Working data Start Marker
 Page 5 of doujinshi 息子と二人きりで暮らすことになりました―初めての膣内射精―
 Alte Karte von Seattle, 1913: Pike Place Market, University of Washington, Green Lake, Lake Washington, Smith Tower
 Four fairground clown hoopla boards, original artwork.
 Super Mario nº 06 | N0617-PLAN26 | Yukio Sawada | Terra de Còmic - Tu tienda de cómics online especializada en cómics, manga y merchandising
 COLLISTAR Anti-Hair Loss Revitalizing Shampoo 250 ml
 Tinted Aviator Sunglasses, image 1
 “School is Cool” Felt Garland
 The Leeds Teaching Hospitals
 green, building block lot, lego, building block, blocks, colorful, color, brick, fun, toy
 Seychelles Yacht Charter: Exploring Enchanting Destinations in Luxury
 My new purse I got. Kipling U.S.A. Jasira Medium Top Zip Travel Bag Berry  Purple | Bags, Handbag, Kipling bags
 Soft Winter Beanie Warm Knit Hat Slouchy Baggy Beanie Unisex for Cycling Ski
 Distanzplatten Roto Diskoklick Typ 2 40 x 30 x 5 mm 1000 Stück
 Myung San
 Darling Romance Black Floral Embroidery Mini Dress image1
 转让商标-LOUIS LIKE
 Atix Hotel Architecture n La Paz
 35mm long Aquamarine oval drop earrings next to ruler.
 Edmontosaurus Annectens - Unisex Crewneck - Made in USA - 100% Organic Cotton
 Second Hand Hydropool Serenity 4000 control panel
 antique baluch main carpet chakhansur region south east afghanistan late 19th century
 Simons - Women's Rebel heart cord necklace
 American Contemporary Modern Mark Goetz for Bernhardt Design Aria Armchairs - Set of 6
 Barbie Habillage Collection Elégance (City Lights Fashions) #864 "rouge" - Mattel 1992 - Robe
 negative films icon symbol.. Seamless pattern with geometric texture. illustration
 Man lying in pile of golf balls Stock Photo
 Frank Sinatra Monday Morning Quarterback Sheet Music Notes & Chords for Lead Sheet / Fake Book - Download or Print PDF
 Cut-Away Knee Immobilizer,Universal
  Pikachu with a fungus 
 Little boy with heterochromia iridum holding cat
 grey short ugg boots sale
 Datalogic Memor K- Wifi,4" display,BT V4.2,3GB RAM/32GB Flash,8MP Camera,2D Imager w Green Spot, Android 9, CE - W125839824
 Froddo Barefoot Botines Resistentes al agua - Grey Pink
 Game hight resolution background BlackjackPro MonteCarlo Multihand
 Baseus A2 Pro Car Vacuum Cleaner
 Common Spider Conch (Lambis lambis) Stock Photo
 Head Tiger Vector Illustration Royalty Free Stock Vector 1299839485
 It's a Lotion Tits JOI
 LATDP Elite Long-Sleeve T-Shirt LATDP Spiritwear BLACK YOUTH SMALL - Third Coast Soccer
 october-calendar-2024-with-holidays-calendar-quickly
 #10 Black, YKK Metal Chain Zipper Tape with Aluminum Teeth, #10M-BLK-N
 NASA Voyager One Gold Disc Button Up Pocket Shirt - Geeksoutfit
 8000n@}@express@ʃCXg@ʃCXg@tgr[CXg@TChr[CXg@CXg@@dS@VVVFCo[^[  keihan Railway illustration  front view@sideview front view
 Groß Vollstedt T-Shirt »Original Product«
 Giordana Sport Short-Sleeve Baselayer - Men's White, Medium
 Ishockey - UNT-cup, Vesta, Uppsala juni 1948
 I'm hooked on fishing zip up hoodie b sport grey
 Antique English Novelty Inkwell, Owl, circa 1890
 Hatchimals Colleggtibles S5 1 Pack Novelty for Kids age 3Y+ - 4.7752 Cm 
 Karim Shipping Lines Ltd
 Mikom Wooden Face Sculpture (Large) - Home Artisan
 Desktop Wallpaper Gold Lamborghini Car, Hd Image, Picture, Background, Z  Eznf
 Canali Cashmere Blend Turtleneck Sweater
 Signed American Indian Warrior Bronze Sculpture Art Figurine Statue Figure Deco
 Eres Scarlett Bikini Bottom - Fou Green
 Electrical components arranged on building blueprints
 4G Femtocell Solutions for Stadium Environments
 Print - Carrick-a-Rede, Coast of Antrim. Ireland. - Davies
Working data End Marker
#### Work instructions
Retyping the whole listing exactly is the task here.

#### Expected answer
 Page 5 of doujinshi 息子と二人きりで暮らすことになりました―初めての膣内射精―
 Alte Karte von Seattle, 1913: Pike Place Market, University of Washington, Green Lake, Lake Washington, Smith Tower
 Four fairground clown hoopla boards, original artwork.
 Super Mario nº 06 | N0617-PLAN26 | Yukio Sawada | Terra de Còmic - Tu tienda de cómics online especializada en cómics, manga y merchandising
 COLLISTAR Anti-Hair Loss Revitalizing Shampoo 250 ml
 Tinted Aviator Sunglasses, image 1
 “School is Cool” Felt Garland
 The Leeds Teaching Hospitals
 green, building block lot, lego, building block, blocks, colorful, color, brick, fun, toy
 Seychelles Yacht Charter: Exploring Enchanting Destinations in Luxury
 My new purse I got. Kipling U.S.A. Jasira Medium Top Zip Travel Bag Berry  Purple | Bags, Handbag, Kipling bags
 Soft Winter Beanie Warm Knit Hat Slouchy Baggy Beanie Unisex for Cycling Ski
 Distanzplatten Roto Diskoklick Typ 2 40 x 30 x 5 mm 1000 Stück
 Myung San
 Darling Romance Black Floral Embroidery Mini Dress image1
 转让商标-LOUIS LIKE
 Atix Hotel Architecture n La Paz
 35mm long Aquamarine oval drop earrings next to ruler.
 Edmontosaurus Annectens - Unisex Crewneck - Made in USA - 100% Organic Cotton
 Second Hand Hydropool Serenity 4000 control panel
 antique baluch main carpet chakhansur region south east afghanistan late 19th century
 Simons - Women's Rebel heart cord necklace
 American Contemporary Modern Mark Goetz for Bernhardt Design Aria Armchairs - Set of 6
 Barbie Habillage Collection Elégance (City Lights Fashions) #864 "rouge" - Mattel 1992 - Robe
 negative films icon symbol.. Seamless pattern with geometric texture. illustration
 Man lying in pile of golf balls Stock Photo
 Frank Sinatra Monday Morning Quarterback Sheet Music Notes & Chords for Lead Sheet / Fake Book - Download or Print PDF
 Cut-Away Knee Immobilizer,Universal
  Pikachu with a fungus 
 Little boy with heterochromia iridum holding cat
 grey short ugg boots sale
 Datalogic Memor K- Wifi,4" display,BT V4.2,3GB RAM/32GB Flash,8MP Camera,2D Imager w Green Spot, Android 9, CE - W125839824
 Froddo Barefoot Botines Resistentes al agua - Grey Pink
 Game hight resolution background BlackjackPro MonteCarlo Multihand
 Baseus A2 Pro Car Vacuum Cleaner
 Common Spider Conch (Lambis lambis) Stock Photo
 Head Tiger Vector Illustration Royalty Free Stock Vector 1299839485
 It's a Lotion Tits JOI
 LATDP Elite Long-Sleeve T-Shirt LATDP Spiritwear BLACK YOUTH SMALL - Third Coast Soccer
 october-calendar-2024-with-holidays-calendar-quickly
 #10 Black, YKK Metal Chain Zipper Tape with Aluminum Teeth, #10M-BLK-N
 NASA Voyager One Gold Disc Button Up Pocket Shirt - Geeksoutfit
 8000n@}@express@ʃCXg@ʃCXg@tgr[CXg@TChr[CXg@CXg@@dS@VVVFCo[^[  keihan Railway illustration  front view@sideview front view
 Groß Vollstedt T-Shirt »Original Product«
 Giordana Sport Short-Sleeve Baselayer - Men's White, Medium
 Ishockey - UNT-cup, Vesta, Uppsala juni 1948
 I'm hooked on fishing zip up hoodie b sport grey
 Antique English Novelty Inkwell, Owl, circa 1890
 Hatchimals Colleggtibles S5 1 Pack Novelty for Kids age 3Y+ - 4.7752 Cm 
 Karim Shipping Lines Ltd
 Mikom Wooden Face Sculpture (Large) - Home Artisan
 Desktop Wallpaper Gold Lamborghini Car, Hd Image, Picture, Background, Z  Eznf
 Canali Cashmere Blend Turtleneck Sweater
 Signed American Indian Warrior Bronze Sculpture Art Figurine Statue Figure Deco
 Eres Scarlett Bikini Bottom - Fou Green
 Electrical components arranged on building blueprints
 4G Femtocell Solutions for Stadium Environments
 Print - Carrick-a-Rede, Coast of Antrim. Ireland. - Davies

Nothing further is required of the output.